WHAT TO PRODUCE — The answer must be an exact copy of the records, with every picture removed.

INFORMATION PROVIDED —

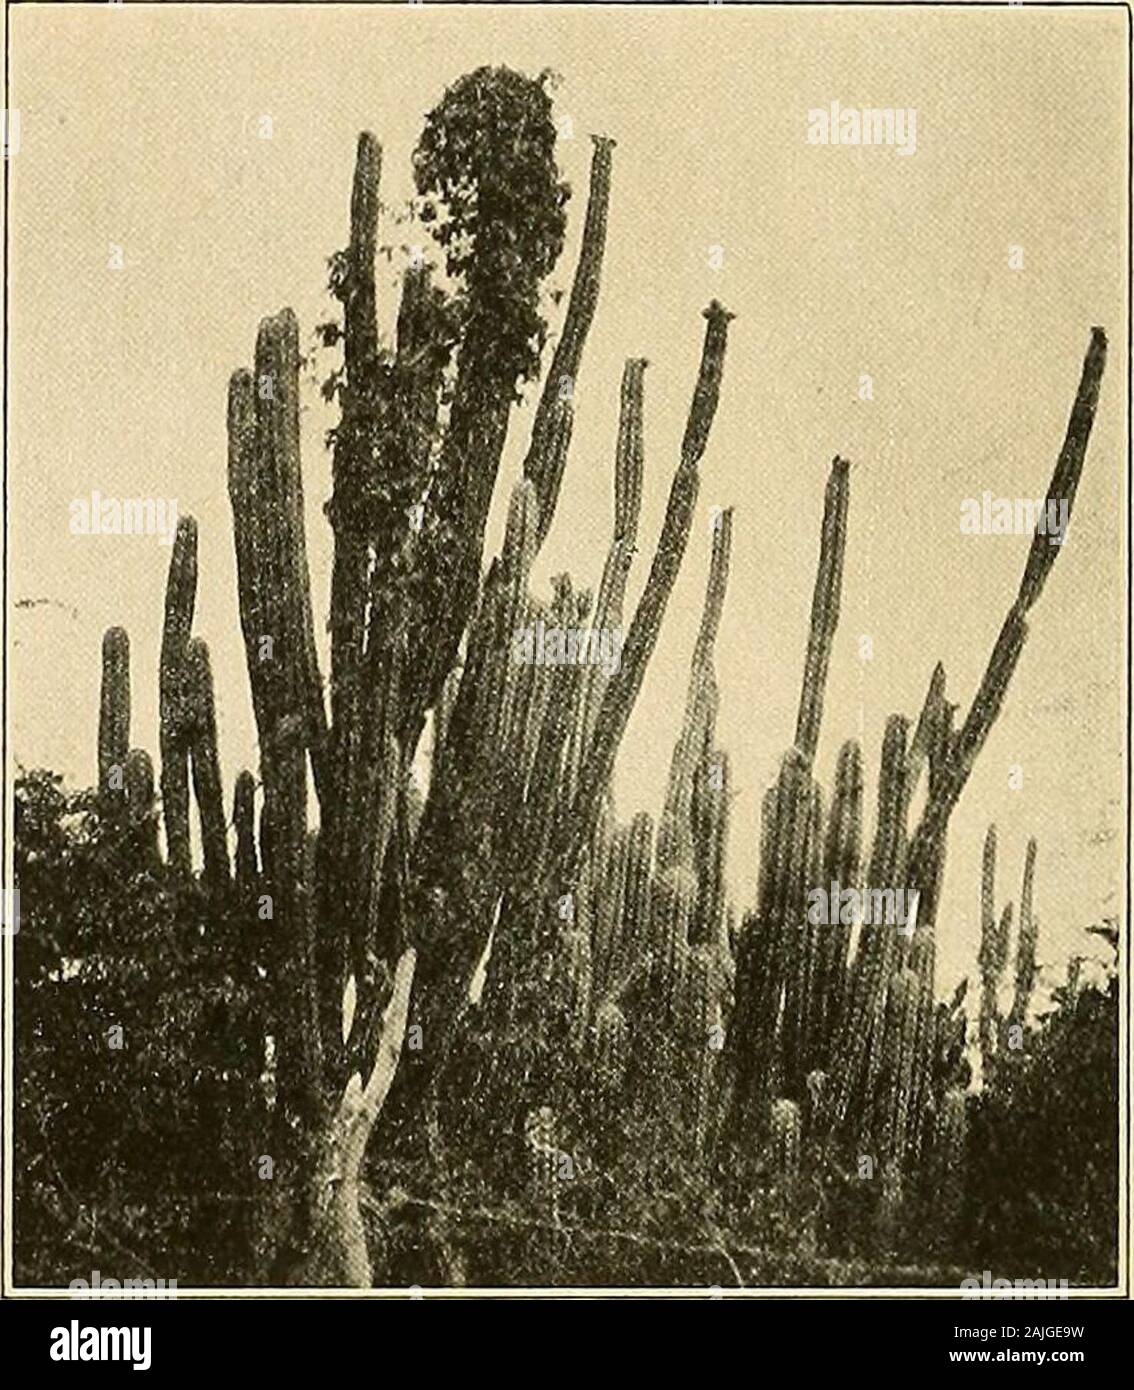 The Cactaceae : descriptions and illustrations of plants of the cactus family . Fig. 59.Fig. 60.- -Flower of Cephalocereus moritzianus.-Fruit of same. Both X0.7.. Fig. 61.—Cephalocereus moritzianus. Figure 61 is from a photograph taken by Mrs. J. N. Rose near Puerto Cabello, Vene-zuela, in 1916; figure 59 shows the flower of this plant; figure 60 a fruit of same. 22. Cephalocereus arrabidae (Lemaire). Pilocereus arrabidae Lemaire, Rev. Hort. 1862: 429. 1862.Cereus warmingii Schumann in Martius, Fl. Bras. 42: 204. 1890.Pilocereus exerens Schumann in Engler and Prantl, Pflanzenfam. 36a;Cephaloce Stock Photo
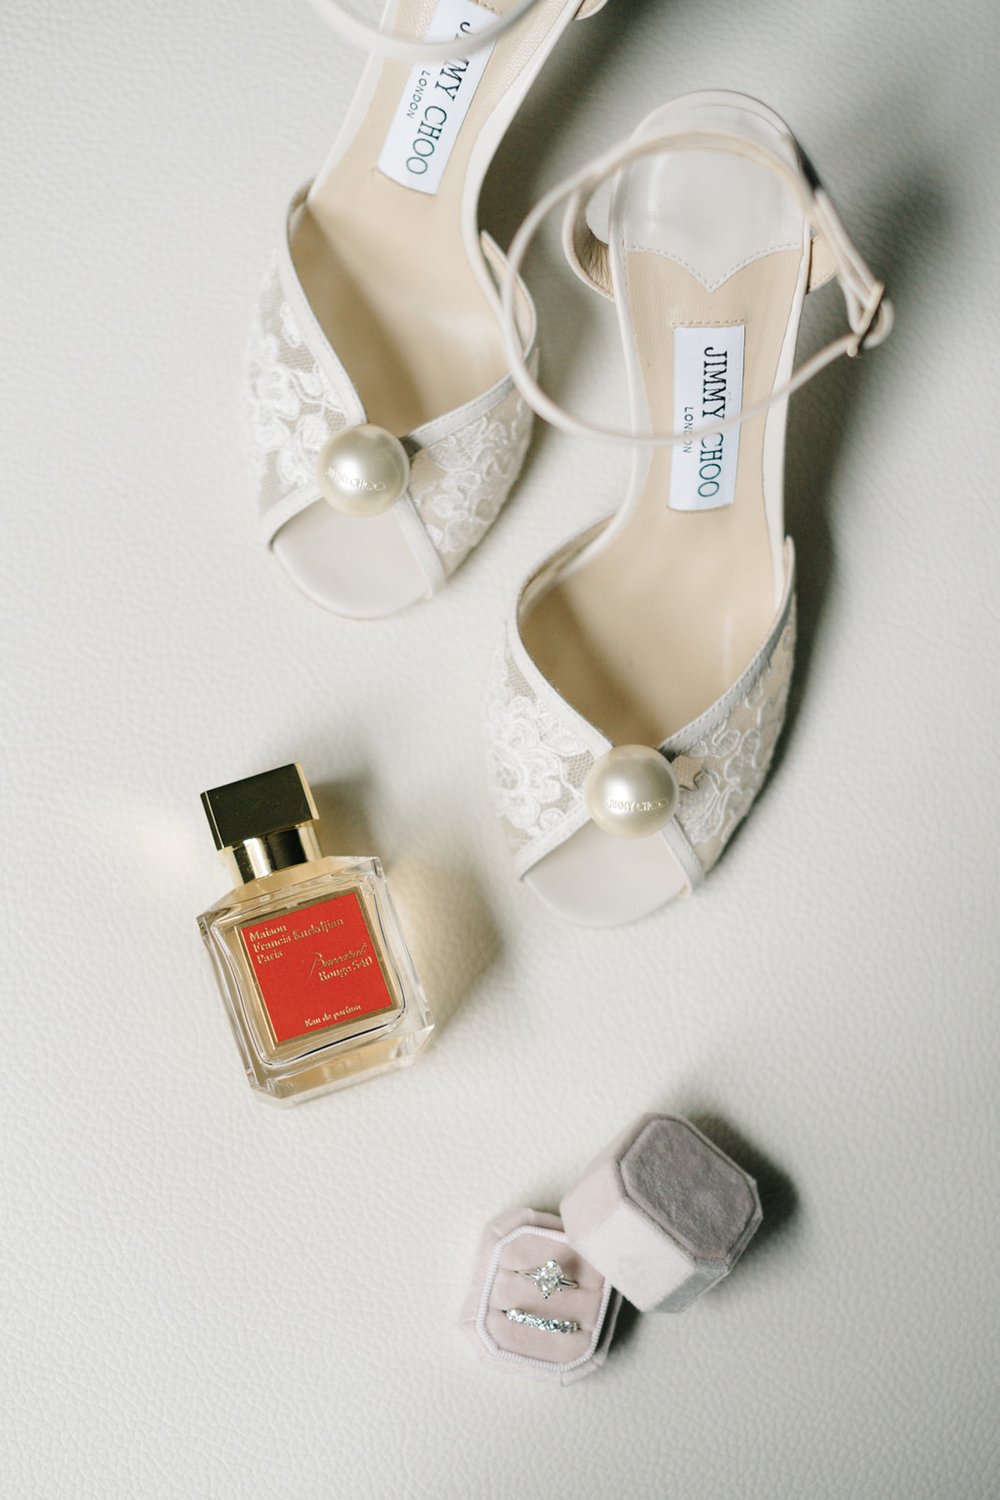 Jimmy Choo Pearl and Lace Shoes at Fairmont Olympic Wedding
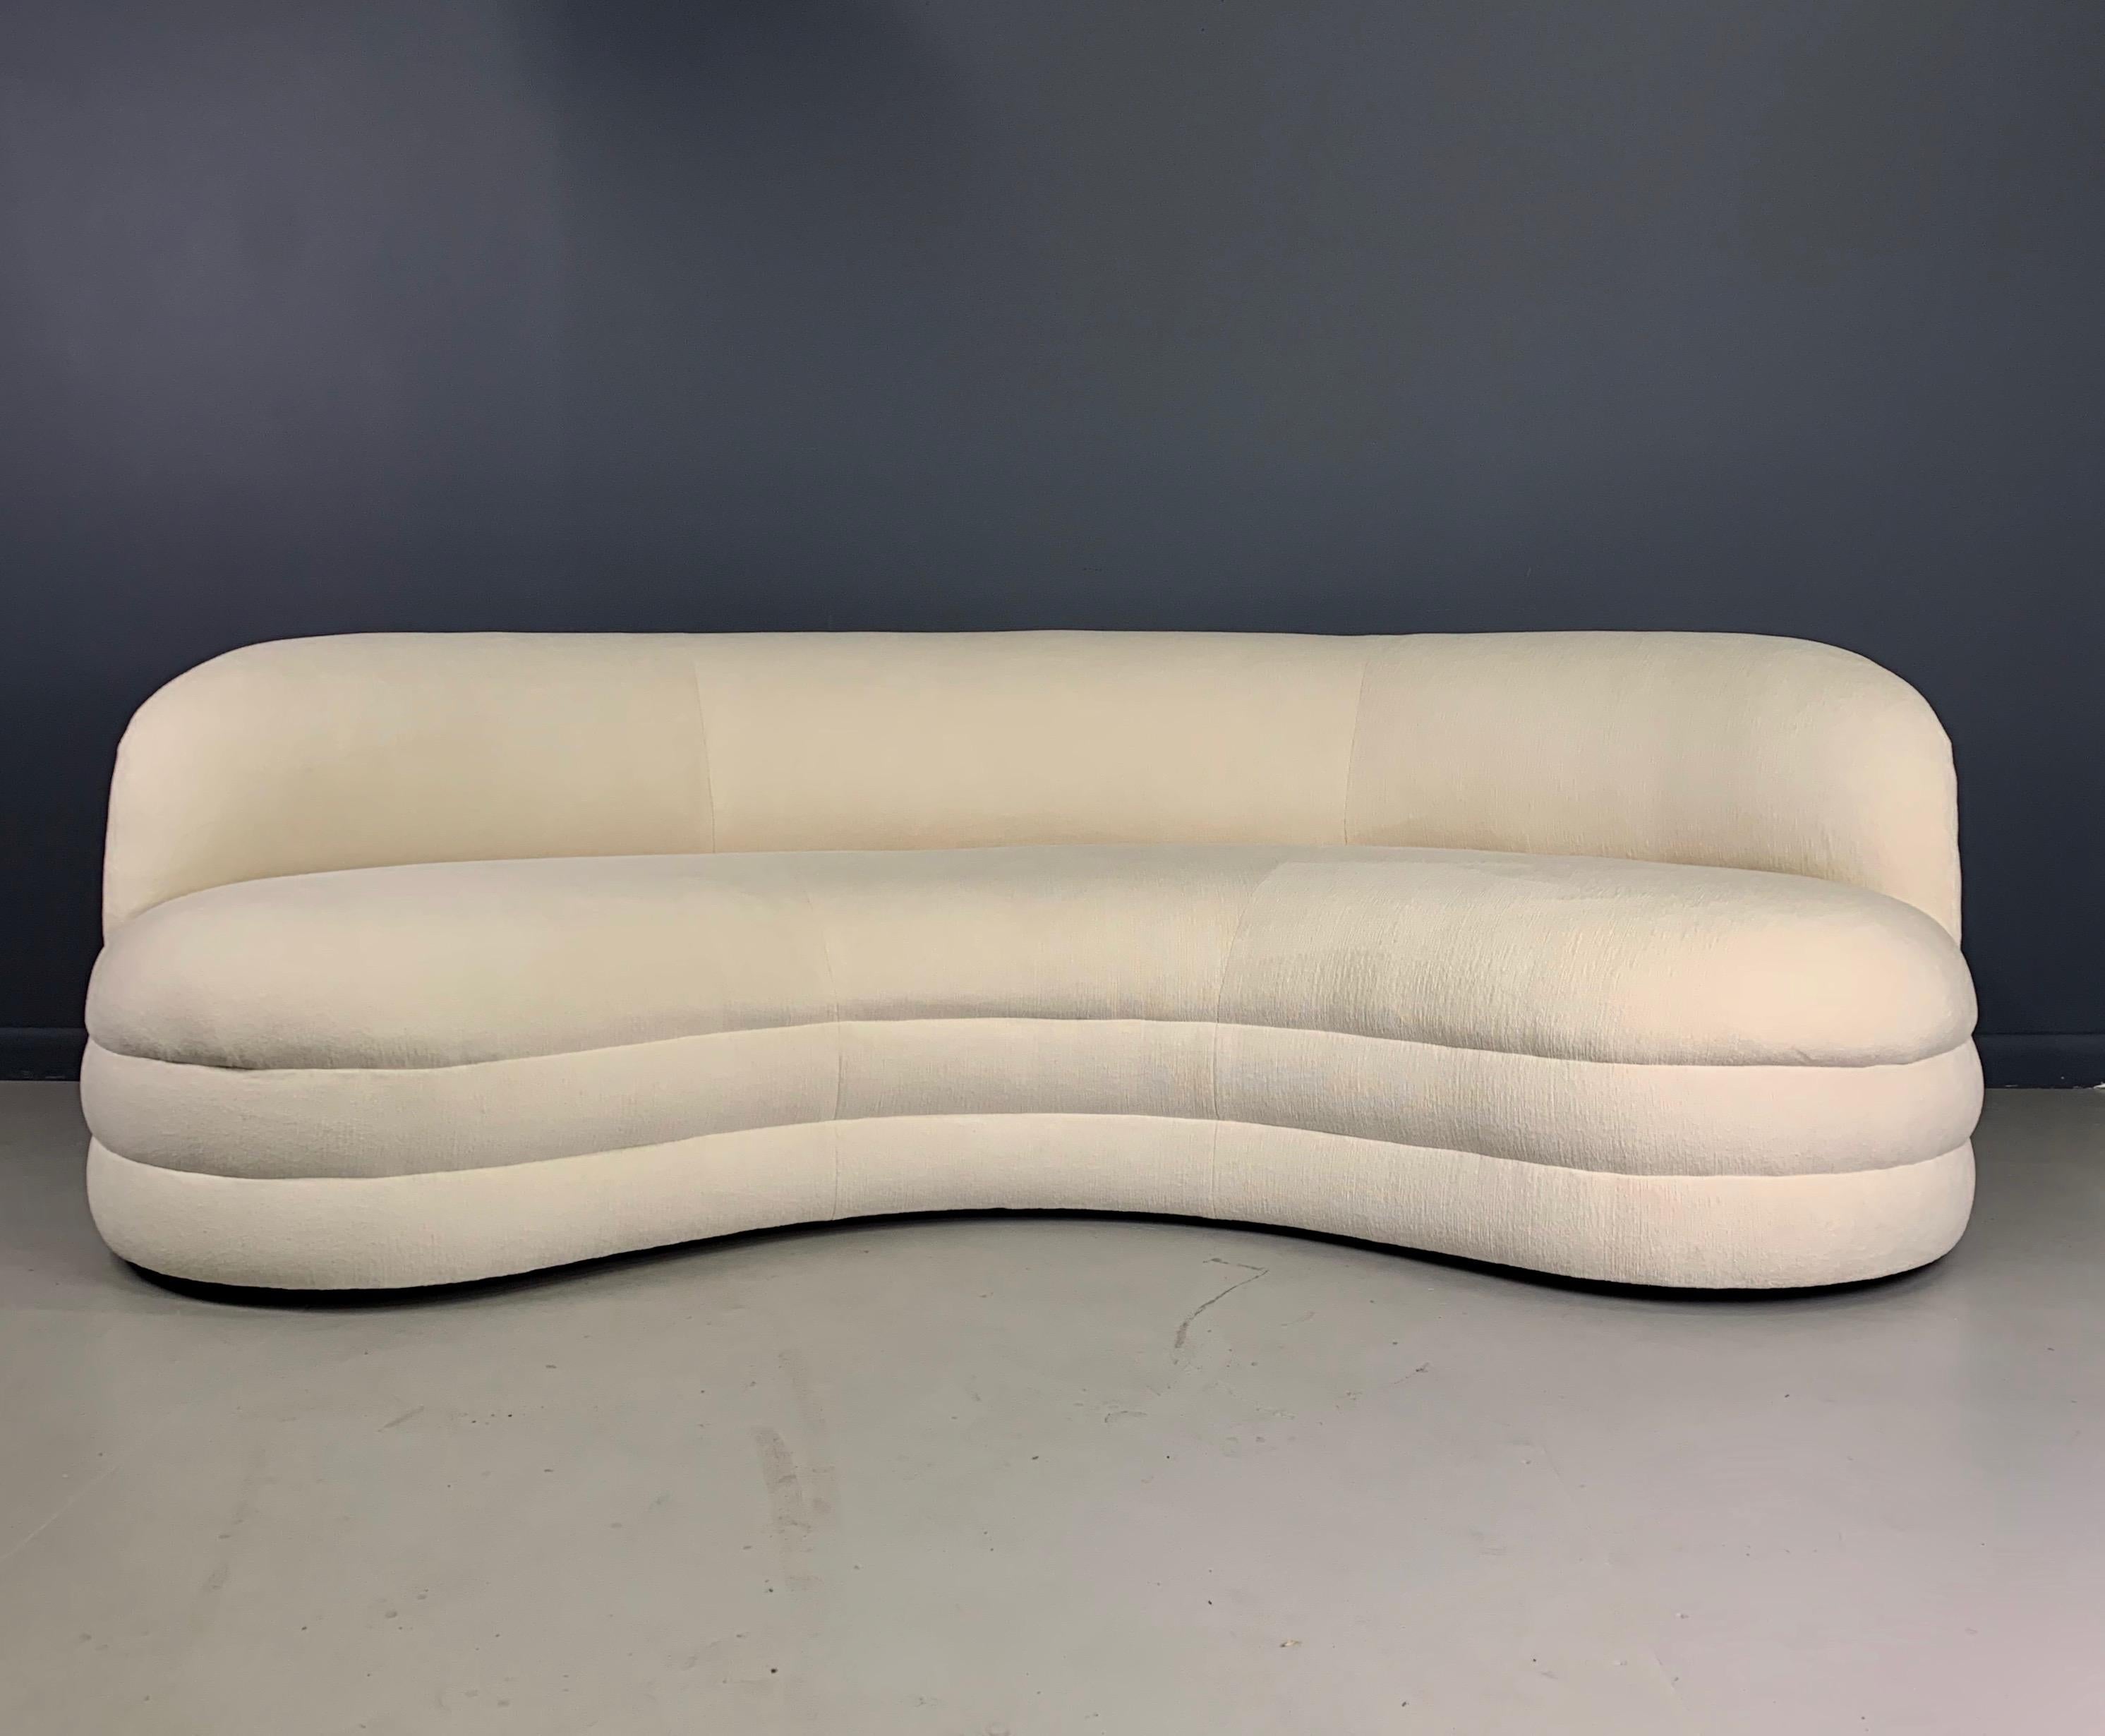 A unique kidney-shaped sofa, circa 1970s. The sofa features a nice sculptural modern design, with a curved arched back and a plinth base. The sofa has been redone from top to bottom with a beautiful textured white velvet.

Measures: 86
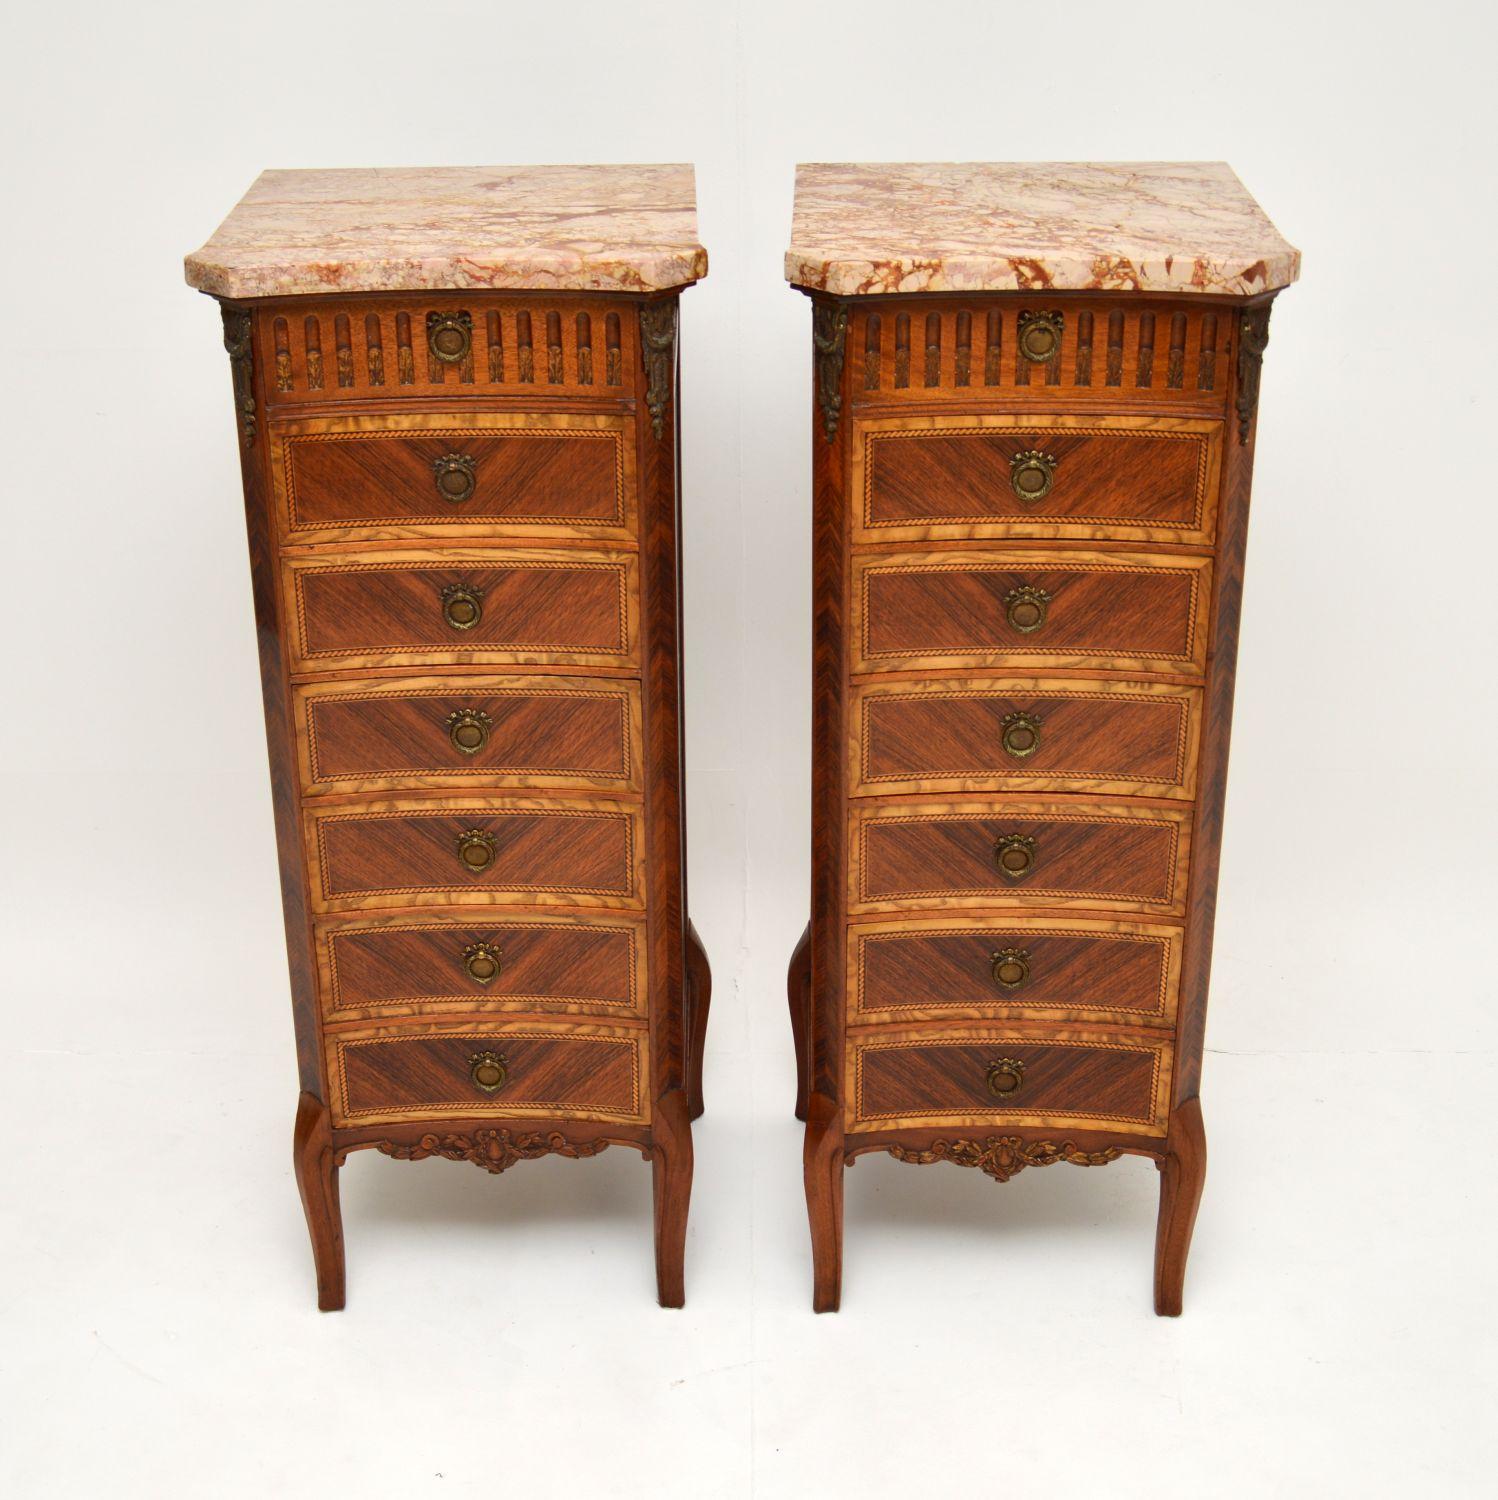 An exquisite pair of tall antique marble top chests with concave fronts, beautifully made from a combination of woods. These were made in France & I would date them from around the 1910-20’s period.

The quality is absolutely superb, they are

TASK RESULT —
 The Cactaceae : descriptions and illustrations of plants of the cactus family . Fig. 59.Fig. 60.- -Flower of Cephalocereus moritzianus.-Fruit of same. Both X0.7.. Fig. 61.—Cephalocereus moritzianus. Figure 61 is from a photograph taken by Mrs. J. N. Rose near Puerto Cabello, Vene-zuela, in 1916; figure 59 shows the flower of this plant; figure 60 a fruit of same. 22. Cephalocereus arrabidae (Lemaire). Pilocereus arrabidae Lemaire, Rev. Hort. 1862: 429. 1862.Cereus warmingii Schumann in Martius, Fl. Bras. 42: 204. 1890.Pilocereus exerens Schumann in Engler and Prantl, Pflanzenfam. 36a;Cephaloce Stock Photo
 Jimmy Choo Pearl and Lace Shoes at Fairmont Olympic Wedding
 A unique kidney-shaped sofa, circa 1970s. The sofa features a nice sculptural modern design, with a curved arched back and a plinth base. The sofa has been redone from top to bottom with a beautiful textured white velvet.

Measures: 86
 An exquisite pair of tall antique marble top chests with concave fronts, beautifully made from a combination of woods. These were made in France & I would date them from around the 1910-20’s period.

The quality is absolutely superb, they are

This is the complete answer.